京中官员之间盘根错杂,姻亲互密,打了一个,都能得罪一大帮人。
侯府虽同秦家有所不合,但抛开秦家不论,只背靠左相这么一超级大家,多的是人想攀附上去。
郑晓燕若是没赵家相帮,侯府茅坑她都进不去,何况是那正室夫人。
如今是野鸡一朝飞上枝头变凤凰,谁不羡慕?谁不妒忌?
小汉子大概是把郑晓燕鱼跃龙门当成典范,说起她便是滔滔不绝。直道这侯府夫人也是个孝顺的,过年过节总带着礼往赵府跑,平日里也常和赵夫人出来,两人每次都是有说有笑,当真是跟亲母女一样。
亲母女一样!
亲母女一样!
赵哥儿只觉这一句,好似一击重锤。
他心里难受得喘不过气来,突然厉声嘶吼起来:“别说了,别说了。
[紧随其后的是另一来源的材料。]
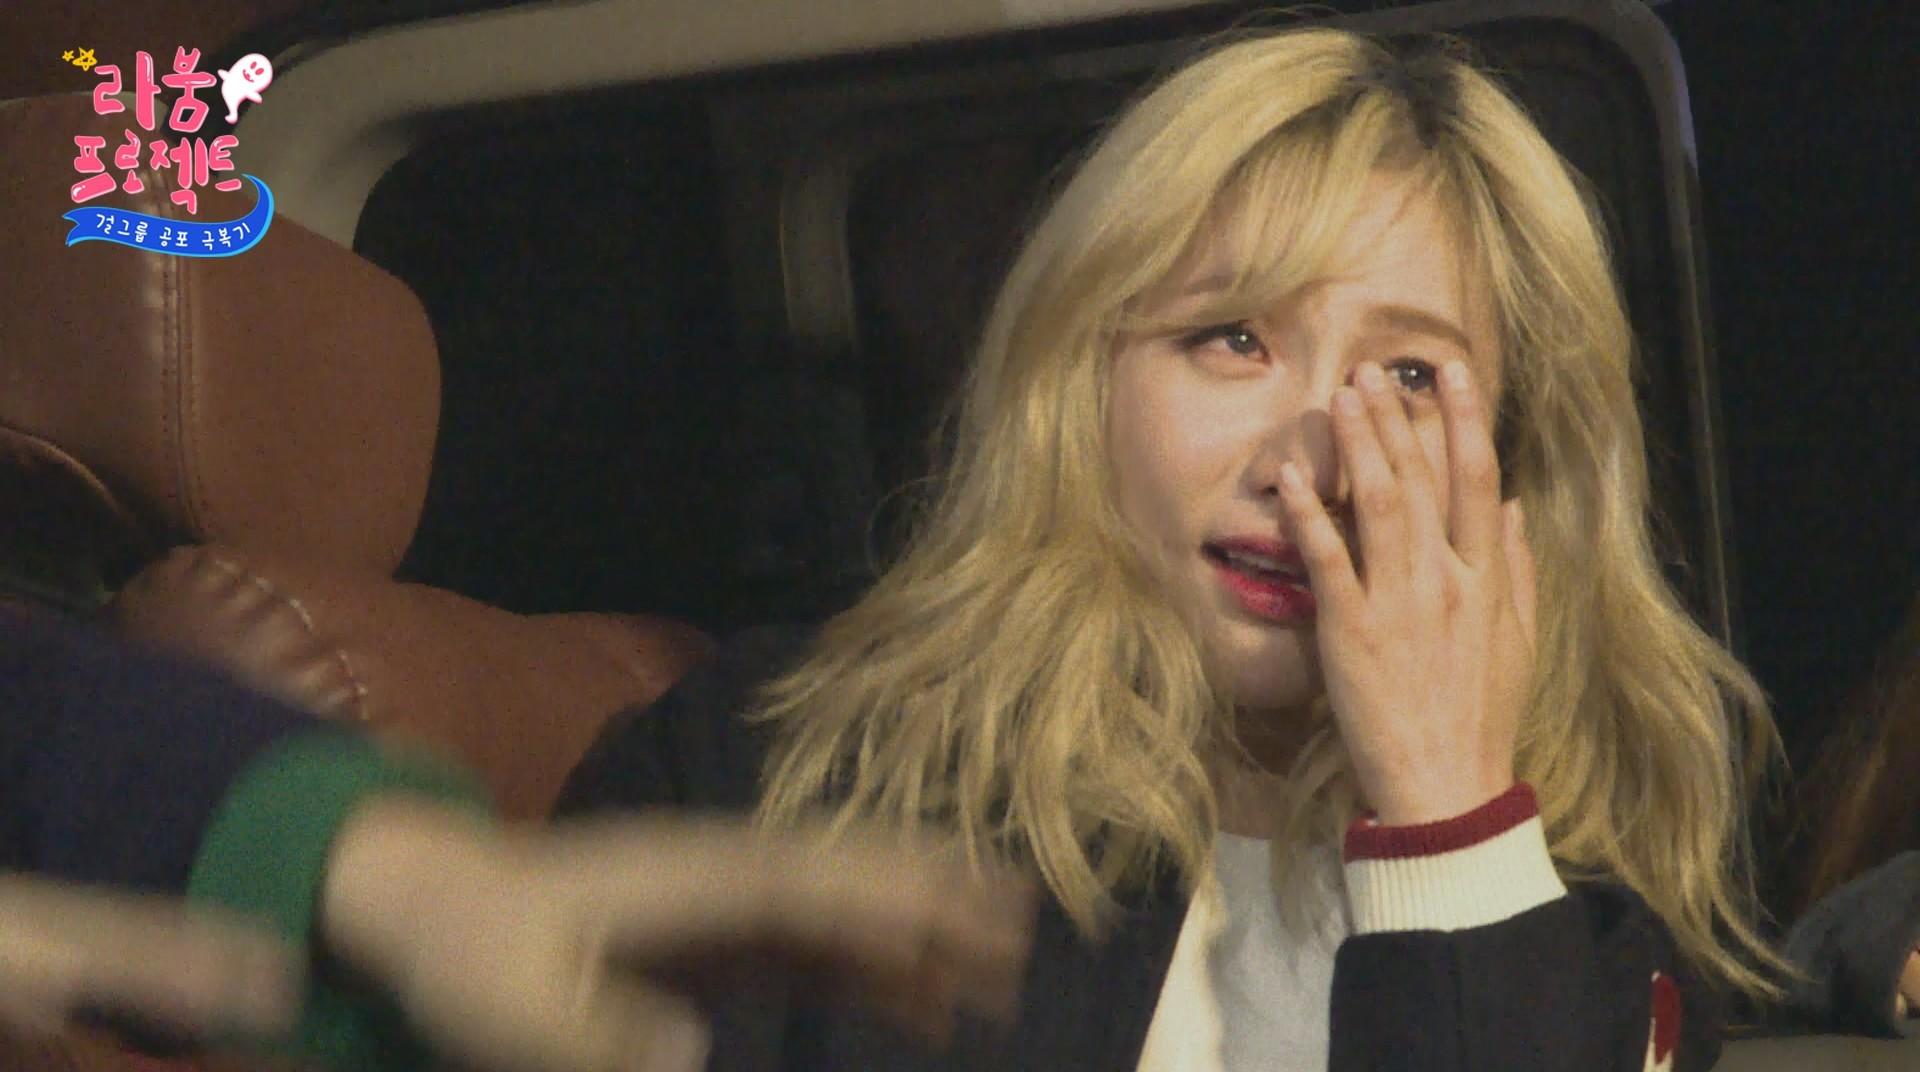 <라붐 프로젝트> 라붐 소연-지엔, 공포 미션 수행 중 결국 '눈물'

”
他突然的爆发,别说小汉子,就是方子晨和两孩子都吓了一跳。
赵哥儿脸色苍白,眼眶湿润,两只拳头紧紧的握着,似乎在极力的控制着什么。
方子晨眉头紧蹙:“赵哥儿,你怎么了?”
赵哥儿还在自顾的重复:“别说了,别说了。”
方子晨立即看向小汉子,急急道:“你快点住嘴啊。”
小汉子捂着嘴猛点头。
乖仔拉着赵哥儿的手:“爹爹,你怎么鸟啊?”
赵哥儿深深缓了口气,嗓音微沉,摸了摸乖仔的头,勉强道:“没事儿。”
乖仔仔细看他,又朝方子晨看去,脸上担忧不减,他如今年岁上来,已经不太好糊弄了。
……
这个时候,京城涌进的外来人员,多是来参加春闱的。
方子晨瞧着年轻,腰间还佩着玉佩,脚指头一想,就晓得人也是来参加春闱的——虽然拖家带口来赶考的很少见。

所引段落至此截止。